Эта оппозиционность в условиях взаимного непонимания власти и либеральной оппозиции, неготовности сторон к диалогу и поиску взаимоприемлемого компромисса неизбежно вела к тому, что применительно к тематике исторических исследований выбираемые сюжеты неизбежно рассматривались и анализировались под вполне определенным, заранее заданным углом зрения, с соответствующей расстановкой акцентов. Но иначе и быть не могло, ибо «мейнстримный» либерально-тираноборческий «дискурс» диктовал и соответствующий «опросник», с которым историк подходил к источнику, и предопределял характер получаемых выводов. А если к этому добавить еще и недостатки самого исторического метода, свойственного русской исторической науке, столь ярко описанные В.О. Ключевским (и от которого она не избавилась, как показано выше, и по сей день), то удивляться результатам не приходится.

В самом деле, при таковой заданности и «потребительском» отношении к источникам мнение, предположим, того же С. Герберштейна о тираническом характере власти московского государя («властью, которую он имеет над своими подданными, он далеко превосходит всех монархов целого мира» и «всех одинаково гнетет он жестоким рабством» [8, с. 72]) превращалось в доказанное положение, в истину в последней инстанции.
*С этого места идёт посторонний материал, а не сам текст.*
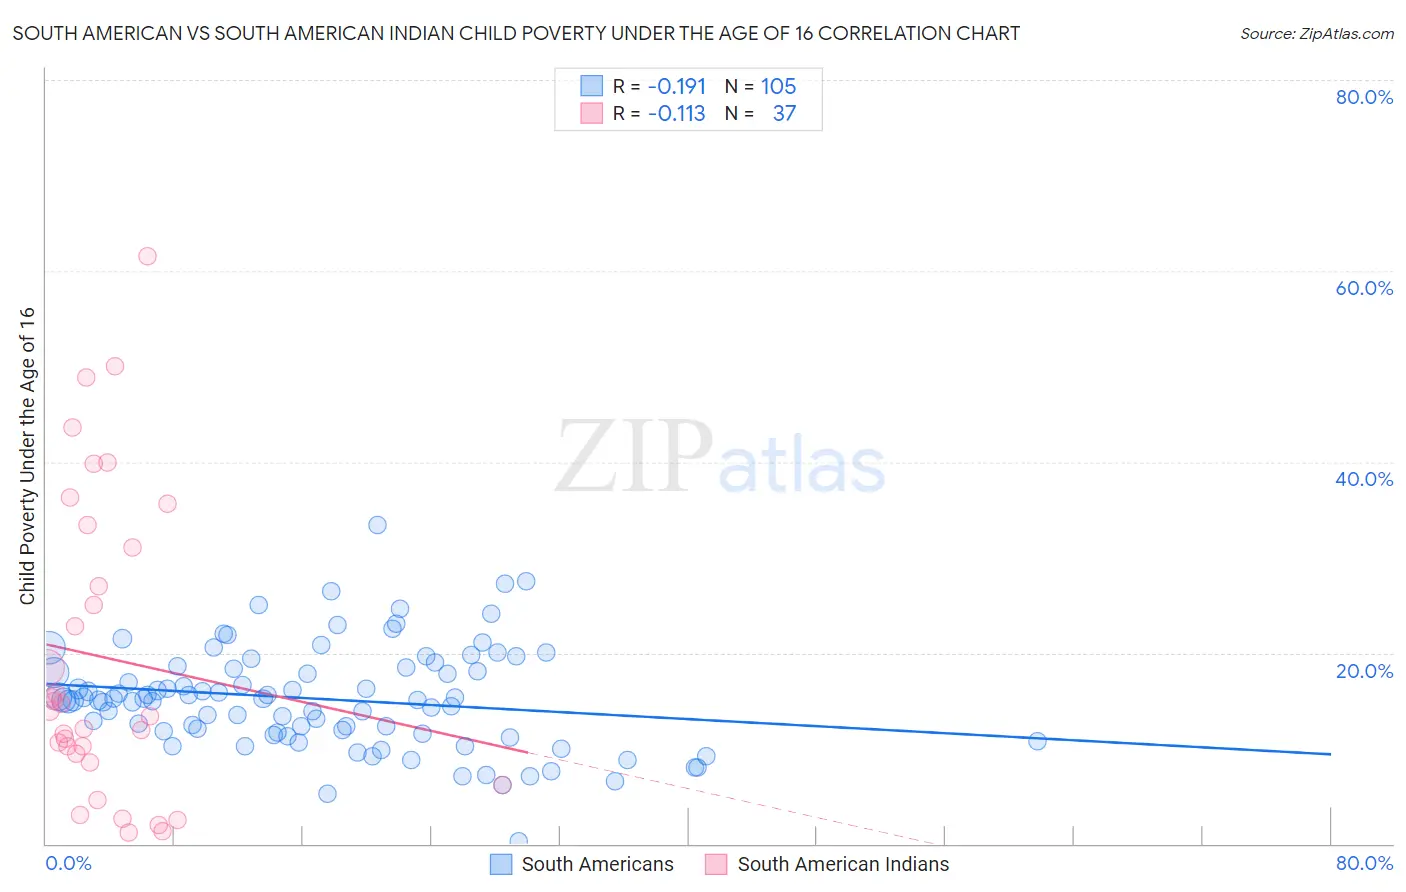 South American vs South American Indian Child Poverty Under the Age of 16
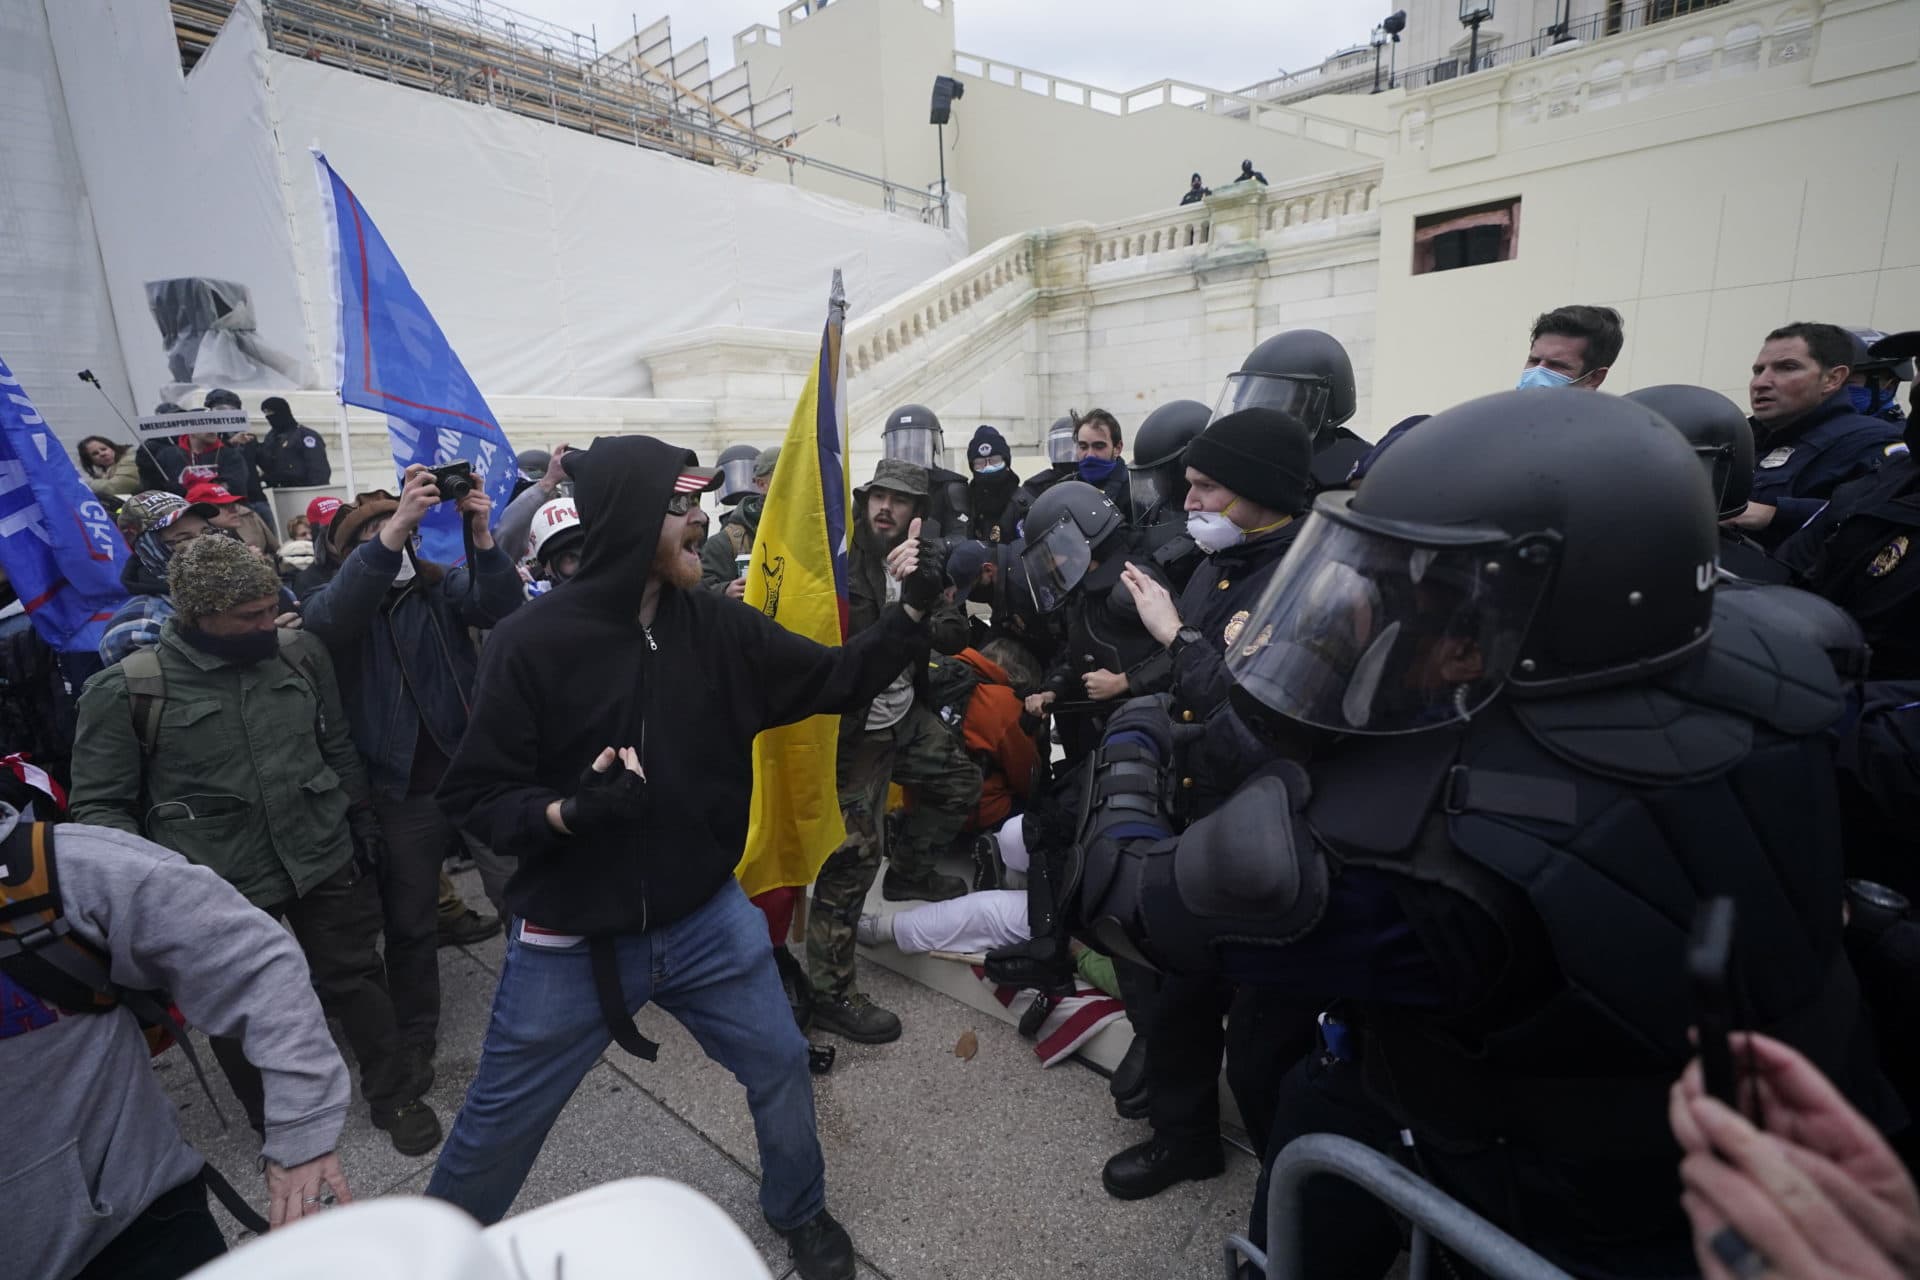 Trump supporters try to break through a police barrier at the Capitol in Washington. (Julio Cortez/AP)

Эта истина не нуждалась в дополнительных обоснованиях и, подкрепленная весомыми мнениями авторитетов, воспринималась как реальность. И неважно, что тезис о деспотическом характере власти московского государя был позаимствован из нарративного памятника, субъективный характер которого не вызывал сомнения. Никто не задумался над тем, что Герберштейн (сознательно или по неведению, не разобравшись в хитросплетениях московской политики – это уже другой вопрос) принял за чистую монету декларации официальной московской пропаганды, превозносившей и возвеличивавшей своего государя (и эта пропаганда служила, как отмечала американская исследовательница Н. Коллманн, дополнительным средством укрепления легитимности правящей династии [15, с. 20]), ибо выдвинутый им тезис прекрасно укладывался в пресловутый либеральный «дискурс».

Как этот либеральный «дискурс», исходивший из деспотической природы власти московских государей, сочетался с тем, что, по словам той же Н. Коллманн, «централизованная структура управления не становилась неподъемным бременем для общества», поскольку «государство ставило перед собой минимальные задачи, сводившиеся к военным вопросам, сбору налогов, мобилизации ресурсов и верховной юрисдикции», совершенно непонятно. Ведь при слабом развитии «жил власти» (термин Н. Коллманн) государство «нуждалось в сотрудничестве сообщества, чтобы заполнить штатами хотя бы в минимальной степени структуру централизованного управления» и, как следствие, «местное население “выбирало” из своей среды людей для службы губными старостами, целовальниками, приставами, тюремными сторожами, палачами, головами в кабацком деле и других государственных монополиях», «все годные мужчины собирались в отряды, преследовавшие преступников», а «крестьянские волости, посадские общины, частновладельческие и монастырские вотчины своими силами решали все вопросы местного управления, за исключением уголовных и более серьезных дел» [15, с. 523]. И ведь всё то, о чем пишет Коллманн, было, в принципе, очевидно еще во второй половине XIX в., ибо, как уже было отмечено выше, основной массив сохранившихся актовых материалов конца XV–XVI вв. был к тому времени опубликован. Для этого нужно было только не торопиться с далеко идущими выводами и глобальными обобщениями, а вдумчиво, непредвзято проанализировать пусть и немногочисленный, но, тем не менее, красноречивый актовый материал. Но сделано это не было, усилия большей части профессионального исторического сообщества были направлены на формирование иной, негативной точки зрения. А славянофилы, подчеркнем это еще раз, не имея в своем распоряжении этой источниковой базы, тем не менее сумели заметить эти особенности политического устройства Русского государства. Сработал принцип «позиции вненаходимости»?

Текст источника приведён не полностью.